▶ _Exercise aim_:
Every line in the records below with the string "einer" needs to be copied out.

▶ _Task data_:
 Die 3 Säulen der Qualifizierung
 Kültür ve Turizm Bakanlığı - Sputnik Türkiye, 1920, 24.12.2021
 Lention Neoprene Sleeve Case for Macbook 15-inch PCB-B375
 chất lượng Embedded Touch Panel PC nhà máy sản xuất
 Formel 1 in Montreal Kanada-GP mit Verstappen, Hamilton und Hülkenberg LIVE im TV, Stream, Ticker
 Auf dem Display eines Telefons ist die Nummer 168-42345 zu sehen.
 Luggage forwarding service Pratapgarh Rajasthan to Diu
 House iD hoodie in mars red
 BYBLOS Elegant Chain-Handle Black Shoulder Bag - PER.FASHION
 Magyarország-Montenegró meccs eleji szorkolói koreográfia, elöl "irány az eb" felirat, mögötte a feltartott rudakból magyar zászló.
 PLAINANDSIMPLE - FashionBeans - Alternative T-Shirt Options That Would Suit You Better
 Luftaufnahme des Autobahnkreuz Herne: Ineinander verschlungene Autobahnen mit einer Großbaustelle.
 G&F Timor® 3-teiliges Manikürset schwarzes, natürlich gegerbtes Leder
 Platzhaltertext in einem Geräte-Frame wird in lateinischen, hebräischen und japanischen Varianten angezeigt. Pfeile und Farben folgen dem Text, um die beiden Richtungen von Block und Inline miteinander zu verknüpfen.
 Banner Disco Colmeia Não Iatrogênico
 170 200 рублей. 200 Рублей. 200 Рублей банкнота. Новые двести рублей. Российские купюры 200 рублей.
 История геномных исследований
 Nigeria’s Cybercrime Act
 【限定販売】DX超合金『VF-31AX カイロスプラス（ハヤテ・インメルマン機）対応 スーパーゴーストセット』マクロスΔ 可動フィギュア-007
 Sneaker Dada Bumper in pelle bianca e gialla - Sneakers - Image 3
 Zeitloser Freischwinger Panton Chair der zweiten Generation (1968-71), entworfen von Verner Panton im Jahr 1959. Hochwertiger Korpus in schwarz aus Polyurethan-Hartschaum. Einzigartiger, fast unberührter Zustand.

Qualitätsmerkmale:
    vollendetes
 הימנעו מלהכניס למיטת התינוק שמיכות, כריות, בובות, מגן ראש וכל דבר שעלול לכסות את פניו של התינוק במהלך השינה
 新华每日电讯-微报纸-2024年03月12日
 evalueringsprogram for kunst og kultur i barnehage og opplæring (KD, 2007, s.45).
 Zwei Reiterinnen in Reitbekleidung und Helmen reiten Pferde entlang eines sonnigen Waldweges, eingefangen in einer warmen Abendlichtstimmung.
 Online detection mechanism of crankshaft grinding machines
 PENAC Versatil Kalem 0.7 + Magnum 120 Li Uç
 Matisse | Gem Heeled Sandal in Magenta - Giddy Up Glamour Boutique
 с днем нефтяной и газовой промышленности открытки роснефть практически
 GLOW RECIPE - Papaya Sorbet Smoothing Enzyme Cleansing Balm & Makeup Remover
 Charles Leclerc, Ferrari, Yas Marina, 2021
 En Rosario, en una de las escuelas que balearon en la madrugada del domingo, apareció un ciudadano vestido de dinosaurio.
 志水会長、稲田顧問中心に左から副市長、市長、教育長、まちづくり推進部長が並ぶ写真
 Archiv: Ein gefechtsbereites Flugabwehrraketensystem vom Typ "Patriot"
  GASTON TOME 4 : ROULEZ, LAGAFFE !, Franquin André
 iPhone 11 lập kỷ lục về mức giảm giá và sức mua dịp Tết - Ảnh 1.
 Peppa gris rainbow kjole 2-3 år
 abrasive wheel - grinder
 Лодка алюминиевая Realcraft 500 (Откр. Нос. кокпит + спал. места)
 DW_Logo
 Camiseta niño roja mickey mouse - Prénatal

▶ _Problem solution_:
 Luftaufnahme des Autobahnkreuz Herne: Ineinander verschlungene Autobahnen mit einer Großbaustelle.
 Zwei Reiterinnen in Reitbekleidung und Helmen reiten Pferde entlang eines sonnigen Waldweges, eingefangen in einer warmen Abendlichtstimmung.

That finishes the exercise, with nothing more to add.